Было тепло, солнечно и мы с благодарностью приняли этот дар природы за все наши муки в блокаде. И началась наша новая освобожденная жизнь.
Разместили нас хорошо и начали мы усиленно восстанавливать репертуар, ибо должны были ежедневно давать спектакли. А приехали мы налегке, захватили только некоторые костюмы и парики. А декорации необходимо было сооружать на месте. Задача была сложная, но Акимов ее решил довольно просто.... Он сделал ко всем спектаклям новые эскизы, все они были решены живописно и поручил мне писать все декорации.
В помощь мне был художник Жуковский Александр Александрович. Нам пришлось поднатужиться и вкалывали мы с ним по многу часов. Силенки у меня уже восстановились и я получал радость от этой работы, кроме всего, я получал и какой-то гонорар за мою живопись, что позволило мне иметь хороший добавок к пайку, который мы получали.
Хлеб мы получали на весь театр и сами его распределяли. И тут получился казус. Заведовала раздачей хлеба женщина по имени Калисфена. Это сестра нашего дирижера и заведующего музыкальной частью Леонида Пескова. Женщина она была хорошая, честная, но с некоторыми странностями. Развешивая хлеб у нее очень часто была нехватка и бедняга иногда сама оставалась без хлеба. Тогда я взялся ей помочь.
Я объявил всем работникам театра, что мы будем их обвешивать на 20 грамм, а получали мы тогда по 600 грамм на человека. Никто не возражал. И все стало на место. Однажды случилось так, что у нее осталось хлеба на целую буханку.
В ужасе она прибежала ко мне: «Игорек, что делать, что делать?» А ничего не делать, - спокойно говорю я, - ты же не украла. Возьми эту буханку, сходи на рынок, да и обменяй на что-нибудь, хотя бы на яйца. Вот и полакомишься немного».
Кажется, мой совет она послушала и успокоилась.
Много спектаклей мы возобновили и с успехом играли. Нам повезло тем, что гастролирующий в этом помещении до войны Ленинградский Мариинский театр оставил все свои декорации, они оказались бесхозными и мы воспользовались их полотнищами и писали на них свои павильоны. И опять же Акимов блеснул своей выдумкой и талантом. Писанные декорации выглядели как объемные. Это великолепно делал Акимов.
Еще на большой сцене Театра Комедии в спектакле «Валенсианская вдова», он сделал на переднем плане занавес, где на черном бархате был нарисован город, это выглядело настолько объемно, что казалось испанский воздух дышит в зрительный зал.
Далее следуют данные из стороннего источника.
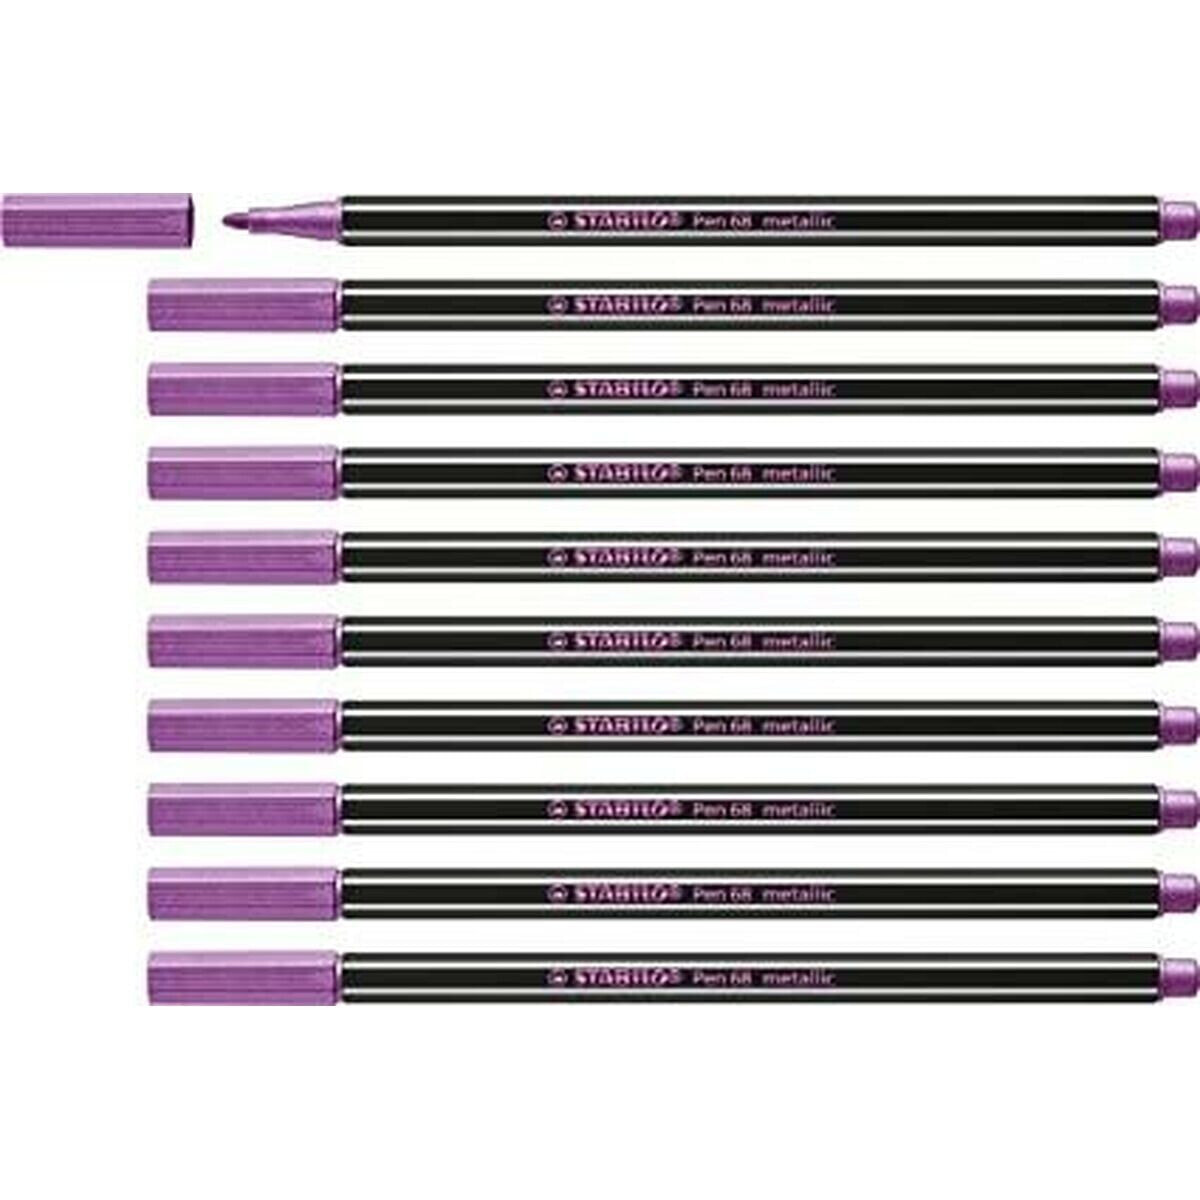 STABILO Pen 68 metallic фломастер Средний Розовый металлик 1 шт 68/856

Я дышал весенним воздухом Сочи и неплохо себя чувствовал. Начал поиски своих родных и своей семьи. Оказалось, Марочка с Лешей эвакуировались с Лешиной школой в Коми-Пермяцкую область. А мама с Верочкой в Алма-Ату. С мамой удалось наладить переписку, а Марочку разыщу позже.
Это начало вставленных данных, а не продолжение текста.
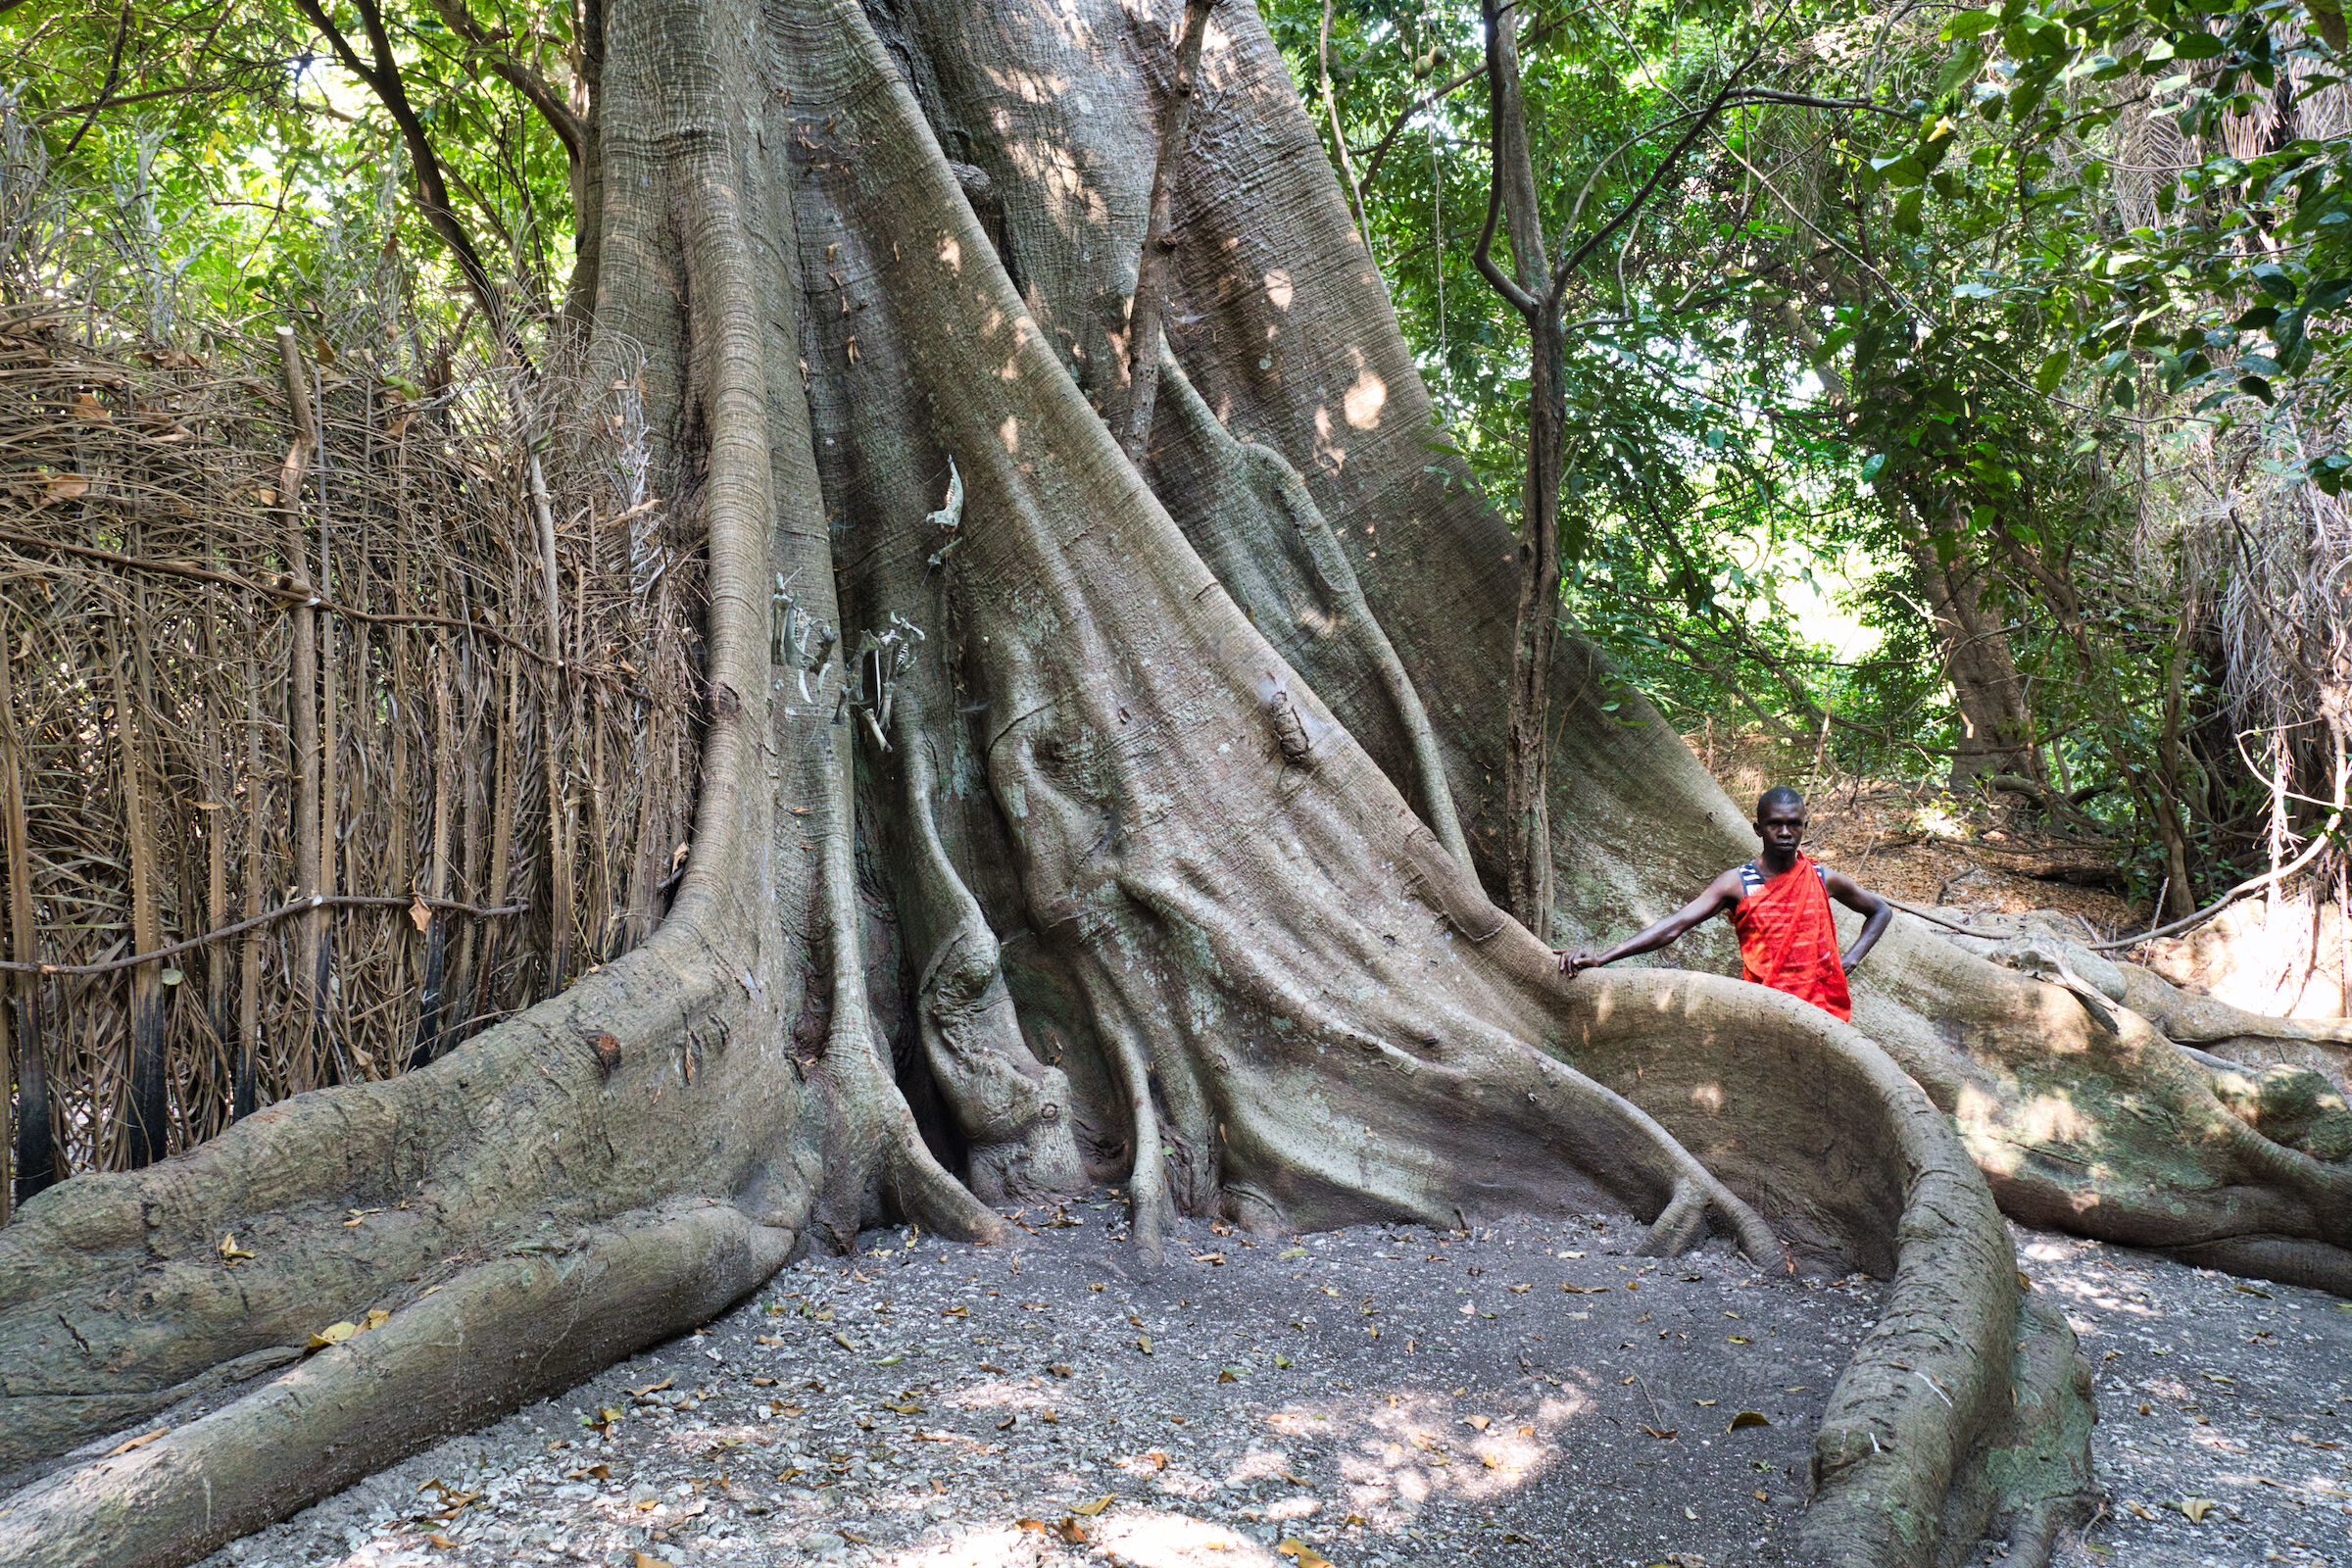 Kapokiers Trees (Ceiba pentandra)...

Кроме спектаклей, мы много работали в военных госпиталях с концертами. А в Сочи их было много, во всех санаториях лечились раненые. Мне много раз приходилось играть просто в палатах. Иногда даже для одного человека. Большое удовлетворение было от этих выступлений. Приятно было видеть улыбающихся и смеющихся молодых парней, которые еще недавно отдавали свою жизнь, а теперь латают свои раны, чтобы снова вернуться в строй. Но не всем это было суждено. Не все и выживали. Мы не только играли наш смешной скетч, но и беседовали с ними на всевозможные темы и уж, конечно, рассказывали им о блокаде.
Сколько раз буду проклинать этих, так называемых, людей со звериным сердцем, которые затеяли это страшное уничтожение людей, да и еще таких молодых, не видавших жизни!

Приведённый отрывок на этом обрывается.